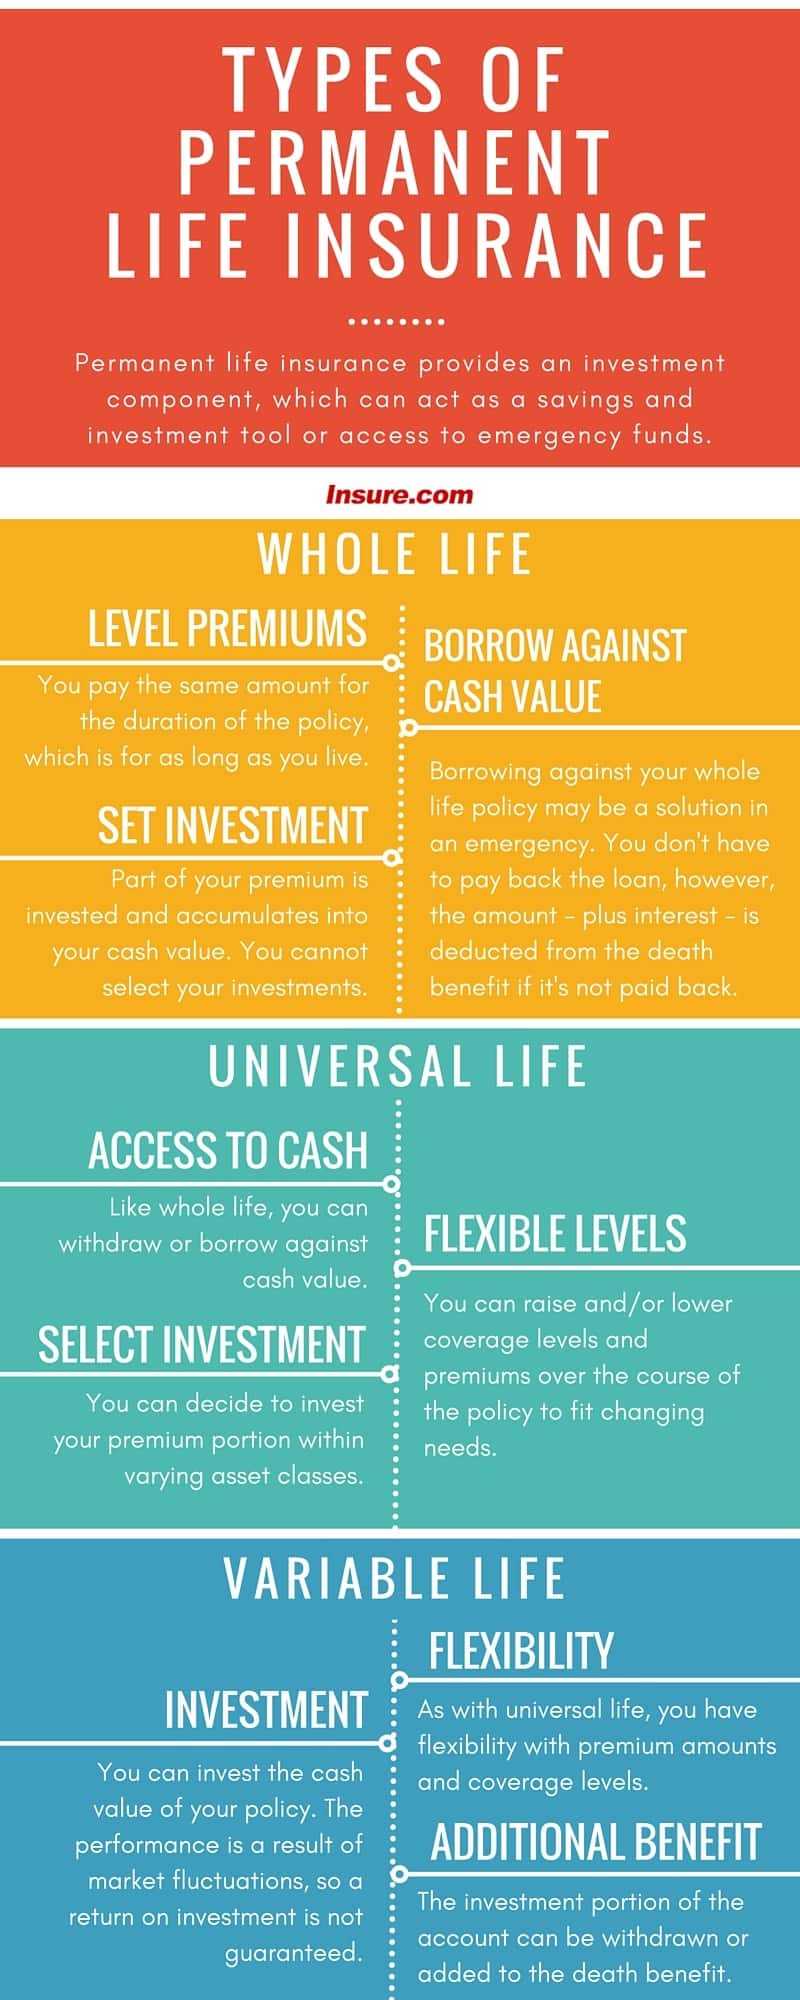 Types of permanent life insurance
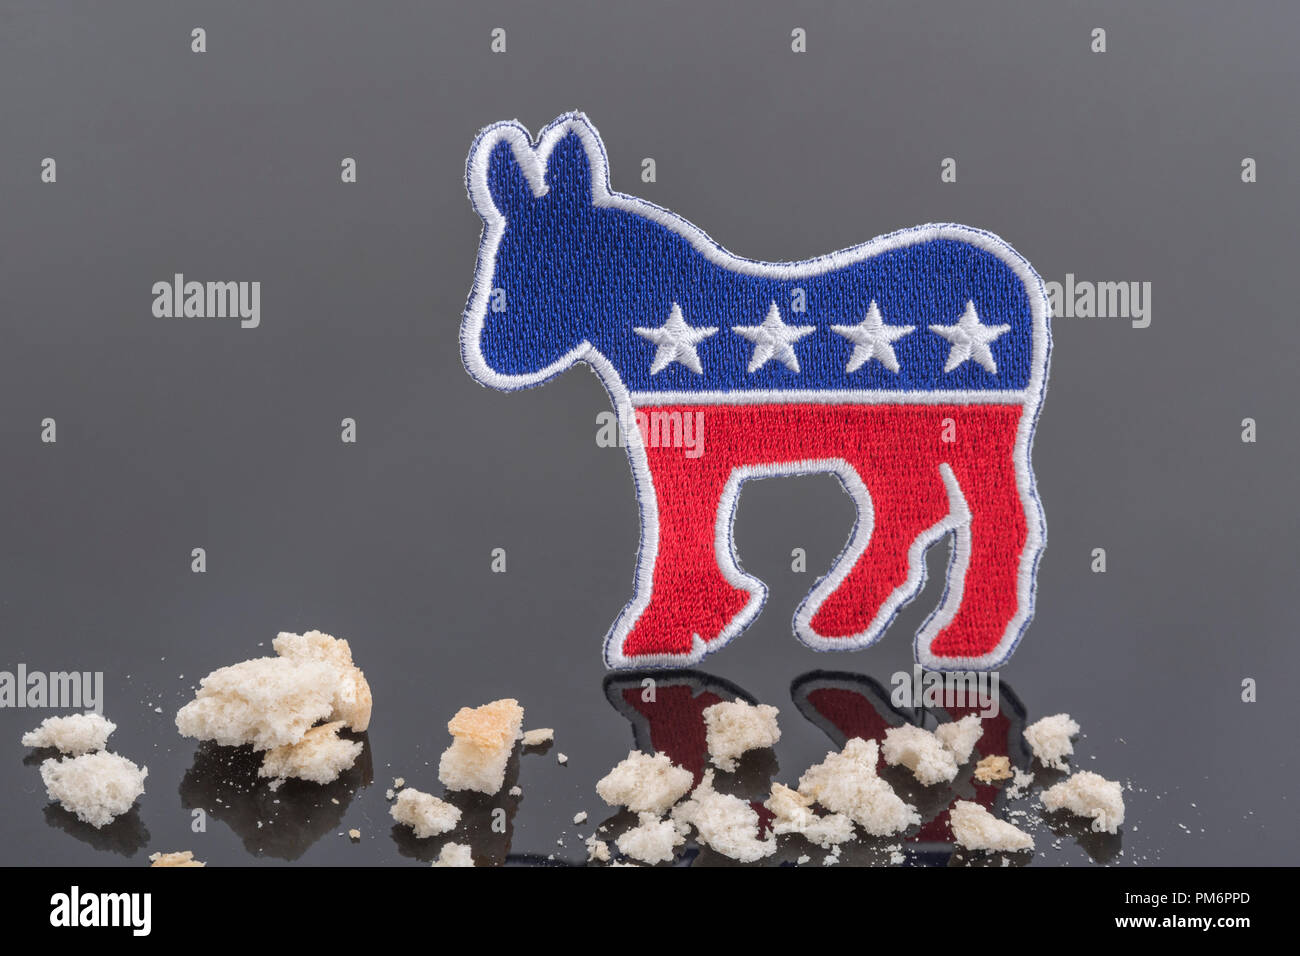 US Democrat donkey & breadcrumbs - in reference to Speaker Nancy Pelosi's comment on Trump employee bonuses being mere 'crumbs' & Jan 6th blame trail Stock Photo
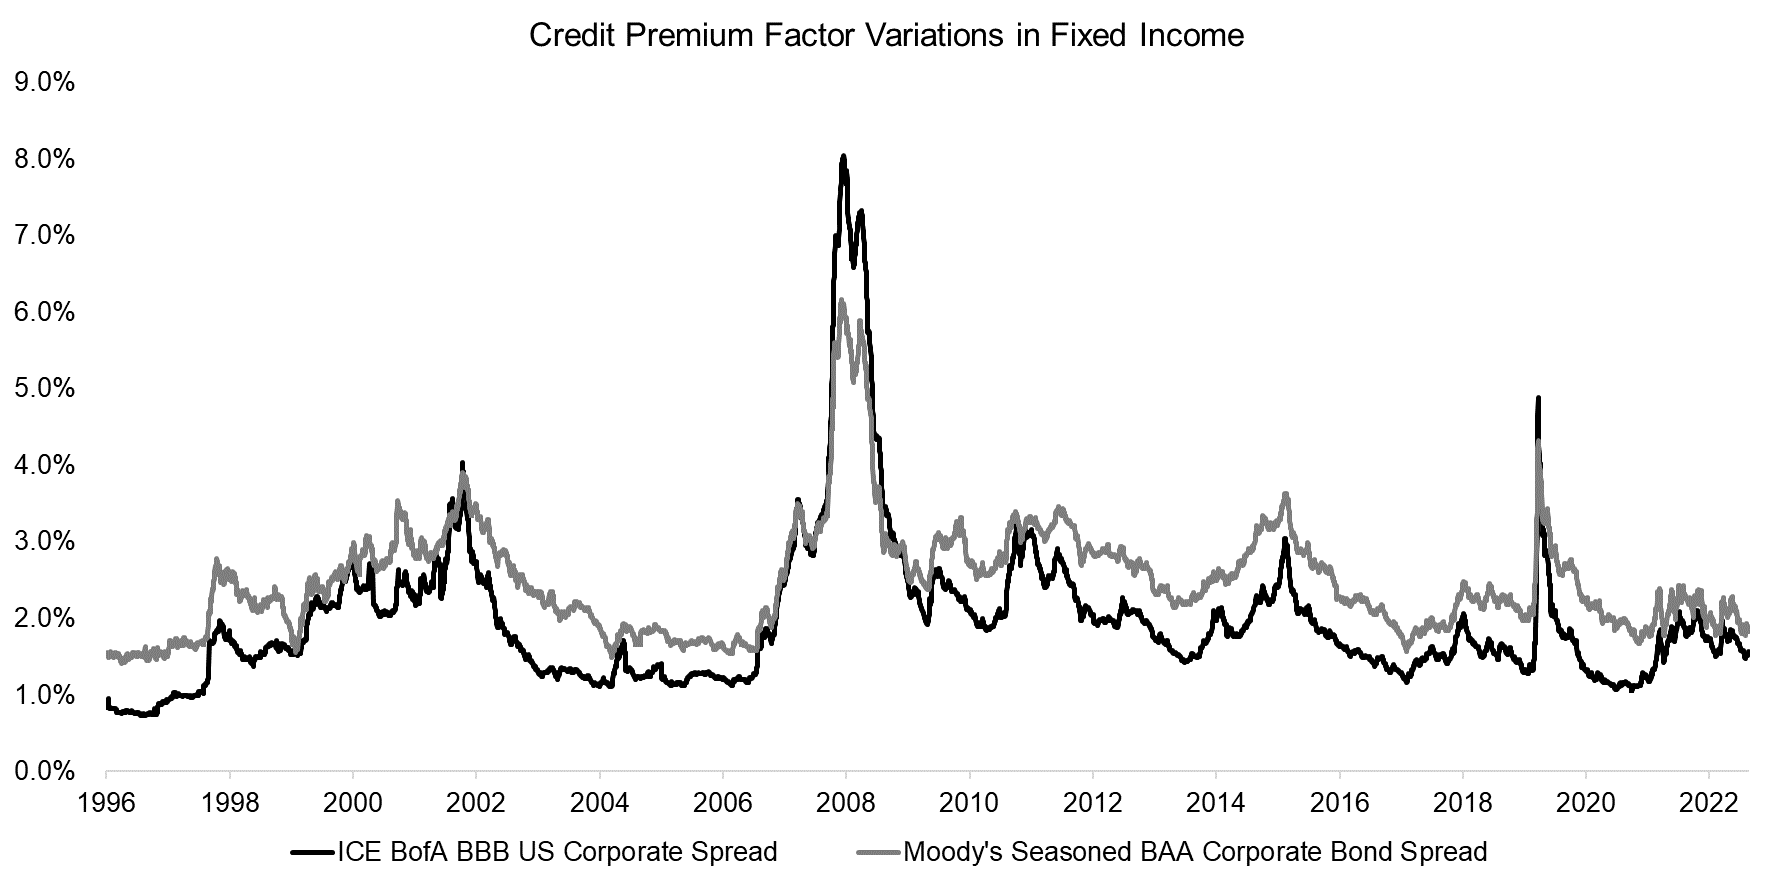 Credit Premium Factor Variations in Fixed Income
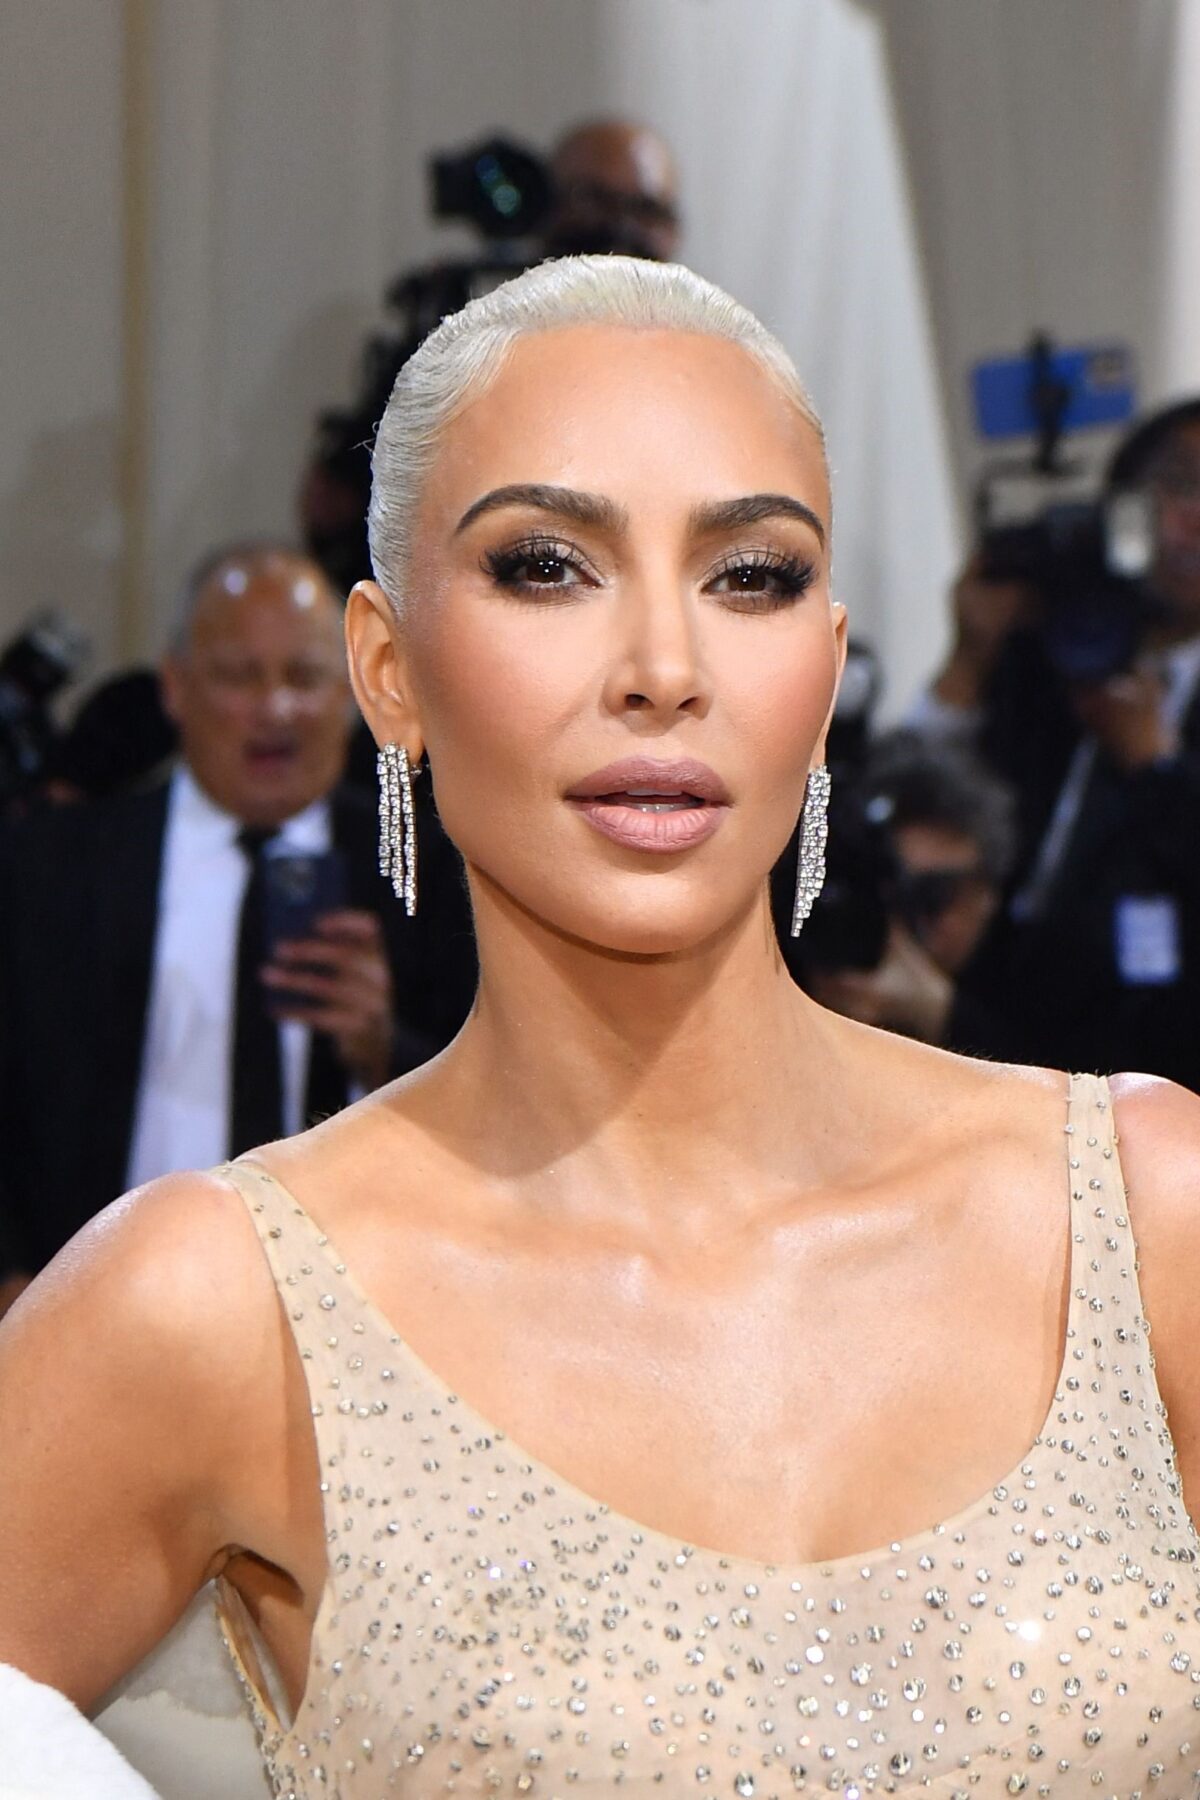 US socialite Kim Kardashian arrives for the 2022 Met Gala at the Metropolitan Museum of Art on May 2, 2022, in New York. - The Gala raises money for the Metropolitan Museum of Art's Costume Institute. The Gala's 2022 theme is 
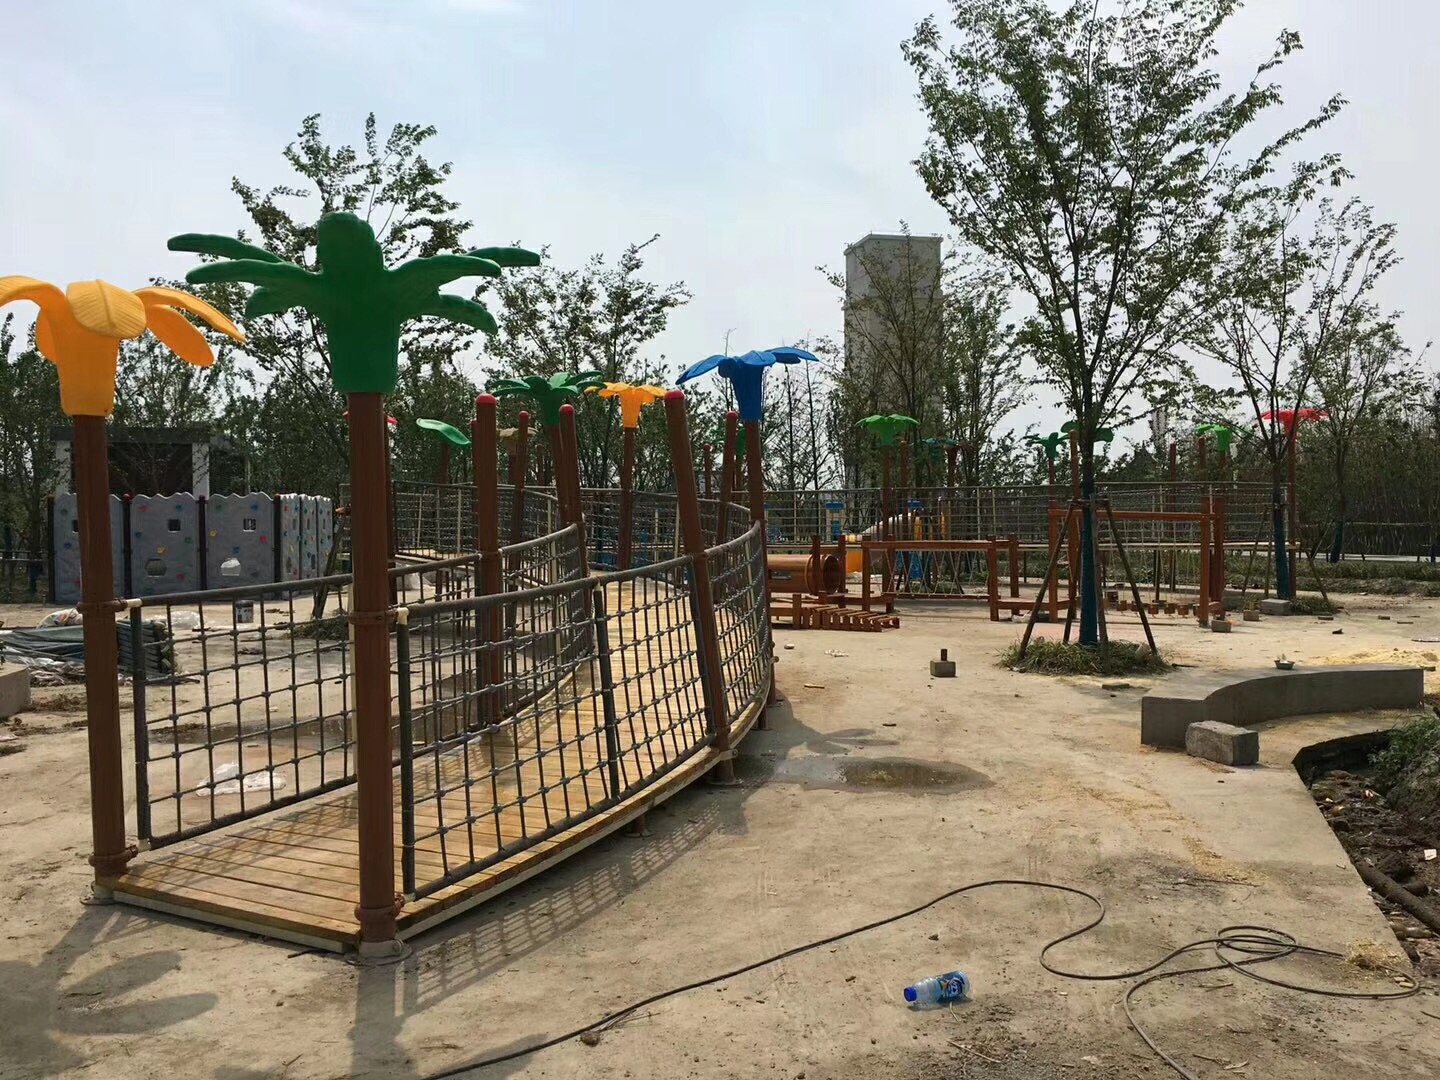 Our new installation outdoor playground project–located in Jiading district, Shanghai, China

*Your assignment:* Everything from the line with "US socialite Kim" through the last line of the listing should be retyped exactly, with both end lines kept and the pictures left out.

*Solved problem:*
 US socialite Kim Kardashian arrives for the 2022 Met Gala at the Metropolitan Museum of Art on May 2, 2022, in New York. - The Gala raises money for the Metropolitan Museum of Art's Costume Institute. The Gala's 2022 theme is 
 Our new installation outdoor playground project–located in Jiading district, Shanghai, China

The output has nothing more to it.